Я думала о нашем разговоре. Боюсь, я могла показаться тебе довольно суровой и враждебной. Для меня было очень важно выслушать правду о том, что случилось, узнать точно все подробности, чтобы я могла добавить их к общей массе этого жуткого происшествия и увидеть его, осознать в той степени, в какой только возможно. Конечно, это тоже тайна, и с этим нужно жить как с тайной. Для меня было бы невыразимо больно не узнать все о событиях того вечера, не у слышать это от тебя, твоими собственными словами. Ты можешь представить, что я слышала разные рассказы и измышления. Надеюсь, ты поймешь. Когда мы с тобой беседовали, я думала о себе, и ты мог счесть меня очень эгоистичной, решить, будто я не понимаю, насколько ужасно все это было для тебя. По крайней мере, теперь я знаю, что вы с Марком были хорошими друзьями, а потому испытываю к тебе особые чувства — добрые чувства. Хорошо, что ты так откровенно ответил на мои вопросы. Это было непросто, но ведь ты, наверное, почувствовал и облегчение. Ты сказал, что я нужна тебе, и я думаю, что нам нужно поговорить еще раз. Откровенно говоря, я хочу спросить тебя кое о чем. Но на самом деле я понятия не имею, что ты чувствуешь в связи со всем этим… Отчасти могу представить, как тебе трудно — не только потому, что тебя обвиняли другие, но и потому, что ты сам себя винишь. Несмотря на те слова у реки, ты, возможно, на самом деле больше не хочешь меня видеть, чтобы не вспоминать случившегося и не чувствовать себя виноватым от одного сознания, что я — это я.

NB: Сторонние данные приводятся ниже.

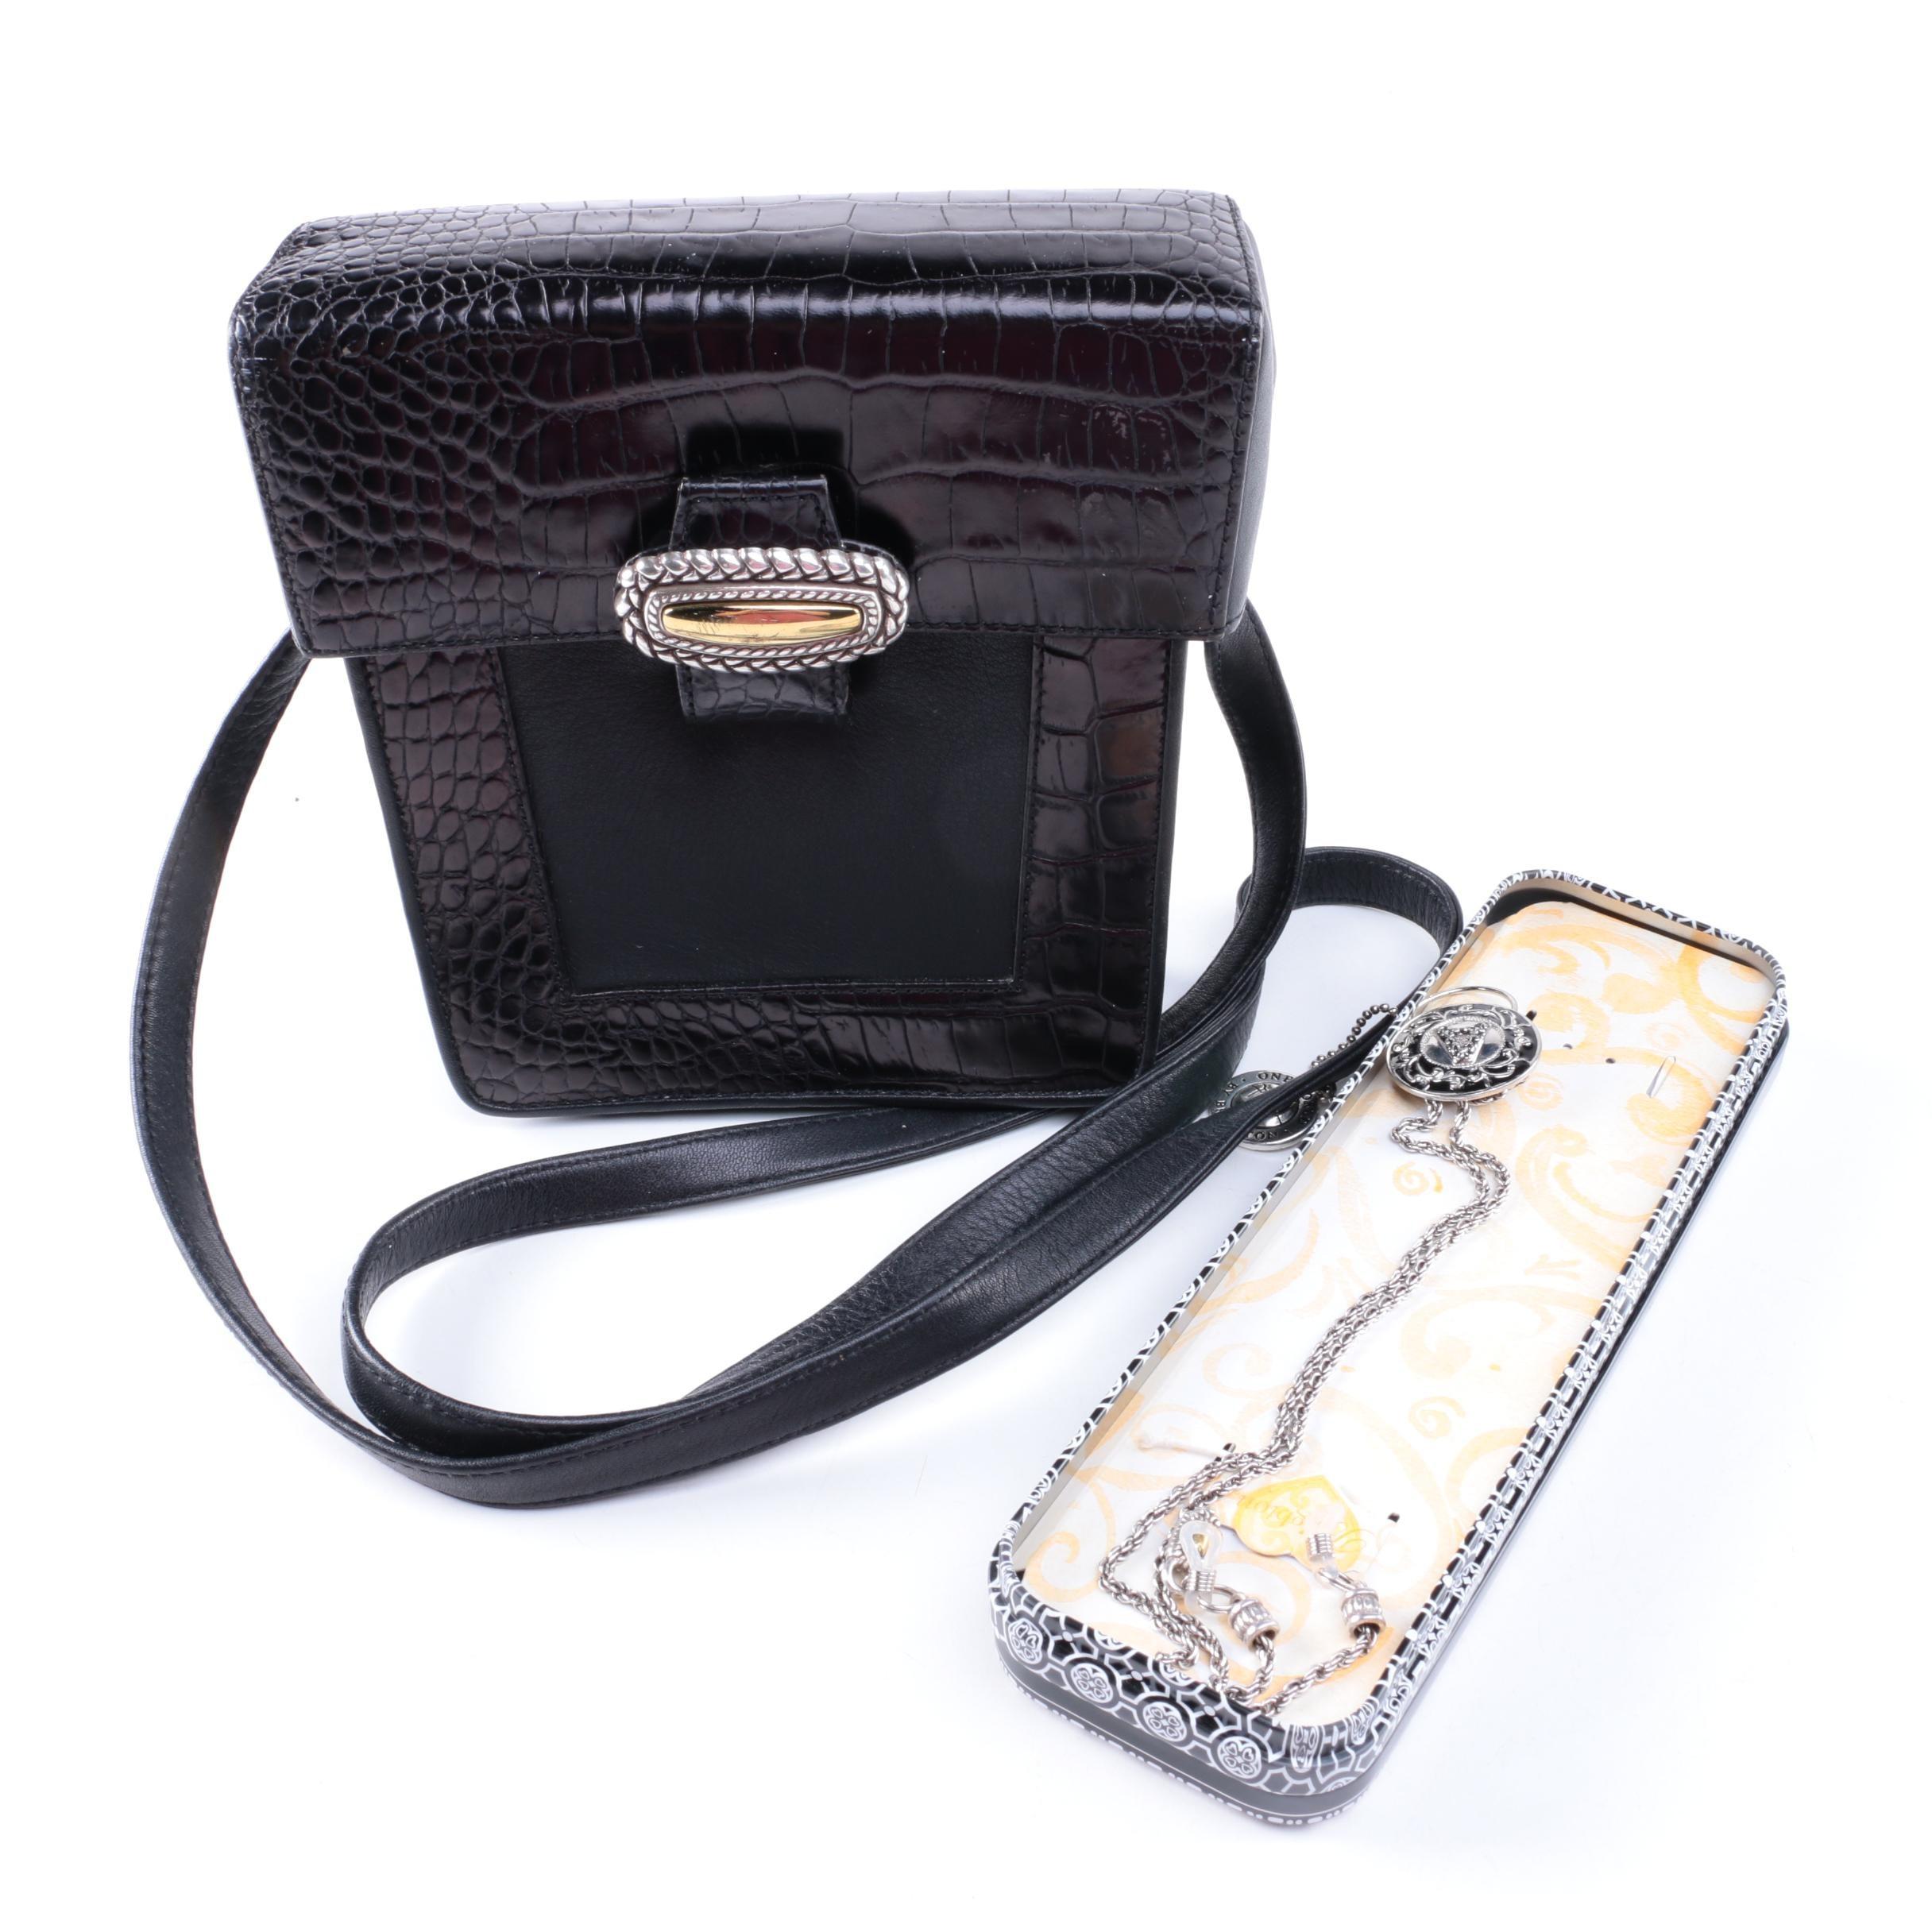 Brighton Handbag and Accessories

Ты сказал, что моя мать писала тебе жуткие письма. Я очень сожалею об этом. Пожалуйста, не обвиняй ее. Пойми, ей тоже требуется помощь. Ей необходимо прекратить ненавидеть тебя, эта ненависть поедает ее. Возможно, помогая мне, ты поможешь и ей. Я пока не очень понимаю, каким образом, но это вполне реально. Иногда я впадаю в отчаяние. Этой запиской сообщаю тебе, что завтра (во вторник) утром я буду в коттедже одна. Все уехали в Лондон, и я тоже уезжаю дневным поездом. Если захочешь прийти утром (не слишком поздно), ты застанешь меня. Но если не захочешь или не сможешь прийти, я тебя пойму.
С наилучшими пожеланиями,
твоя Брауни Уилсден.
Дочитав письмо до конца, Эдвард чуть не сошел с ума. Его переполняли сильнейшие эмоции, к которым примешивалось столько боли и радости, что во второй раз за день, но в гораздо более сильной степени он ощутил себя больным и на грани обморока. Он зажал письмо в руке, побежал мимо фруктового сада к тополям и прижался головой к гладкой коре дерева. Он стонал и смеялся. Он бросился на землю и принялся кататься по ней, потом лег на спину и сквозь сверкающие, трепещущие листья уставился на голубое небо. Потом сел и, тяжело дыша, перечитал это замечательное письмо. Оно походило на приказ об отсрочке смертного приговора. Но в то же самое время Эдвард вспоминал случившееся, чувствовал свою вину, глубоко осознавал свое преступление. Ужас ожесточенного отчаяния, до сих пор не отпускавший его, ничуть не ослабевал, не смягчался. То, что прежде казалось ему искуплением, на деле было заблуждением, воздействием магии. Но вот теперь все было настоящее. Ощущение того, что он вернулся к реальности, было таким сильным — как быстрое преображение, — что у него закружилась голова. Он наконец услышал чистый подлинный голос, хороший голос, властно с ним заговоривший. Но он не должен (это крайне важно) ожидать слишком многого; напротив, он должен быть готов — для себя — к чему угодно. Он должен принять сухую педантичную точность письма Брауни как закон или юридический документ, где говорится только то, что сказано. Эдвард упрекал себя, но не упиваться этим письмом было выше его сил. Одно предложение нравилось ему больше всего, и он перечитывал его бесконечно: «Иногда я впадаю в отчаяние». Разве здесь не слышалась (ну хоть немного!) мольба о помощи? «Как я могу быть таким эгоистом и позволять этой мысли радовать меня?!» — спрашивал он себя. А еще он подумал: «Я переложу это на ее плечи, и она со всем разберется». И еще он подумал (и эта мысль начала вытеснять все прочие боли и размышления): «Завтра я снова увижу ее».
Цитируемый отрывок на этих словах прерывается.